The data below is to be set down exactly.
Data records Start Marker
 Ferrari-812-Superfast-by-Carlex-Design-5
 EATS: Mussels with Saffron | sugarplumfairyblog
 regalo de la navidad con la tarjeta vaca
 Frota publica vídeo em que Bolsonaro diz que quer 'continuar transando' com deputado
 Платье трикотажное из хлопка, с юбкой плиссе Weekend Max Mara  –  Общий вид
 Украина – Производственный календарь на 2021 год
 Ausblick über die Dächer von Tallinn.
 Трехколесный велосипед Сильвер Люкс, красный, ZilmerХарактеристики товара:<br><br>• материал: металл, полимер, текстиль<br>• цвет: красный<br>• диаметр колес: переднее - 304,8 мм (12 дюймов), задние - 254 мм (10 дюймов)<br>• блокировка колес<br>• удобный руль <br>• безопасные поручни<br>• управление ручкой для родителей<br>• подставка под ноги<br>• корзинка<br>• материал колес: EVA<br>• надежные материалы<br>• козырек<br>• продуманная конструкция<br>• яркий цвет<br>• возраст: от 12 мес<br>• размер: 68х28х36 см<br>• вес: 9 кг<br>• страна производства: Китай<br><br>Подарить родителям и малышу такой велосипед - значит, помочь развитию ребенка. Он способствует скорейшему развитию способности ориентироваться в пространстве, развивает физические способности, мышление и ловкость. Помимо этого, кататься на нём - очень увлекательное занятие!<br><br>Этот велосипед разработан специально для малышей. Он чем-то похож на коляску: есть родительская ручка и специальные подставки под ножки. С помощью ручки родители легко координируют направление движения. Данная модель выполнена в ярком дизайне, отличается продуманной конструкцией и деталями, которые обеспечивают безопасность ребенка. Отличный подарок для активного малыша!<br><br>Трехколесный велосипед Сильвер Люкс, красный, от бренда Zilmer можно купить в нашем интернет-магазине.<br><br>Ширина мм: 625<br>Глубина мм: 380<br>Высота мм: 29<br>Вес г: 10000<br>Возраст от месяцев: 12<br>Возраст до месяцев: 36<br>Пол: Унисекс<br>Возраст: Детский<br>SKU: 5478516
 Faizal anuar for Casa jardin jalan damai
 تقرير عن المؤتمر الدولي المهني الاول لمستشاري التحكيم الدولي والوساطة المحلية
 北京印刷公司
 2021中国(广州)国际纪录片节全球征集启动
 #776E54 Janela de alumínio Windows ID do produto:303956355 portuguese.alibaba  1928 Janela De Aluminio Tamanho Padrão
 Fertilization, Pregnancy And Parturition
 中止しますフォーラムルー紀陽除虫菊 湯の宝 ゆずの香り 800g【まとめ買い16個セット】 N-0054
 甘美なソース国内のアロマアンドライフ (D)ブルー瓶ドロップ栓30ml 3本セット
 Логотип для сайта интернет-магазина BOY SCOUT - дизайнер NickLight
Data records End Marker
**Answer space:**
 Ferrari-812-Superfast-by-Carlex-Design-5
 EATS: Mussels with Saffron | sugarplumfairyblog
 regalo de la navidad con la tarjeta vaca
 Frota publica vídeo em que Bolsonaro diz que quer 'continuar transando' com deputado
 Платье трикотажное из хлопка, с юбкой плиссе Weekend Max Mara  –  Общий вид
 Украина – Производственный календарь на 2021 год
 Ausblick über die Dächer von Tallinn.
 Трехколесный велосипед Сильвер Люкс, красный, ZilmerХарактеристики товара:<br><br>• материал: металл, полимер, текстиль<br>• цвет: красный<br>• диаметр колес: переднее - 304,8 мм (12 дюймов), задние - 254 мм (10 дюймов)<br>• блокировка колес<br>• удобный руль <br>• безопасные поручни<br>• управление ручкой для родителей<br>• подставка под ноги<br>• корзинка<br>• материал колес: EVA<br>• надежные материалы<br>• козырек<br>• продуманная конструкция<br>• яркий цвет<br>• возраст: от 12 мес<br>• размер: 68х28х36 см<br>• вес: 9 кг<br>• страна производства: Китай<br><br>Подарить родителям и малышу такой велосипед - значит, помочь развитию ребенка. Он способствует скорейшему развитию способности ориентироваться в пространстве, развивает физические способности, мышление и ловкость. Помимо этого, кататься на нём - очень увлекательное занятие!<br><br>Этот велосипед разработан специально для малышей. Он чем-то похож на коляску: есть родительская ручка и специальные подставки под ножки. С помощью ручки родители легко координируют направление движения. Данная модель выполнена в ярком дизайне, отличается продуманной конструкцией и деталями, которые обеспечивают безопасность ребенка. Отличный подарок для активного малыша!<br><br>Трехколесный велосипед Сильвер Люкс, красный, от бренда Zilmer можно купить в нашем интернет-магазине.<br><br>Ширина мм: 625<br>Глубина мм: 380<br>Высота мм: 29<br>Вес г: 10000<br>Возраст от месяцев: 12<br>Возраст до месяцев: 36<br>Пол: Унисекс<br>Возраст: Детский<br>SKU: 5478516
 Faizal anuar for Casa jardin jalan damai
 تقرير عن المؤتمر الدولي المهني الاول لمستشاري التحكيم الدولي والوساطة المحلية
 北京印刷公司
 2021中国(广州)国际纪录片节全球征集启动
 #776E54 Janela de alumínio Windows ID do produto:303956355 portuguese.alibaba  1928 Janela De Aluminio Tamanho Padrão
 Fertilization, Pregnancy And Parturition
 中止しますフォーラムルー紀陽除虫菊 湯の宝 ゆずの香り 800g【まとめ買い16個セット】 N-0054
 甘美なソース国内のアロマアンドライフ (D)ブルー瓶ドロップ栓30ml 3本セット
 Логотип для сайта интернет-магазина BOY SCOUT - дизайнер NickLight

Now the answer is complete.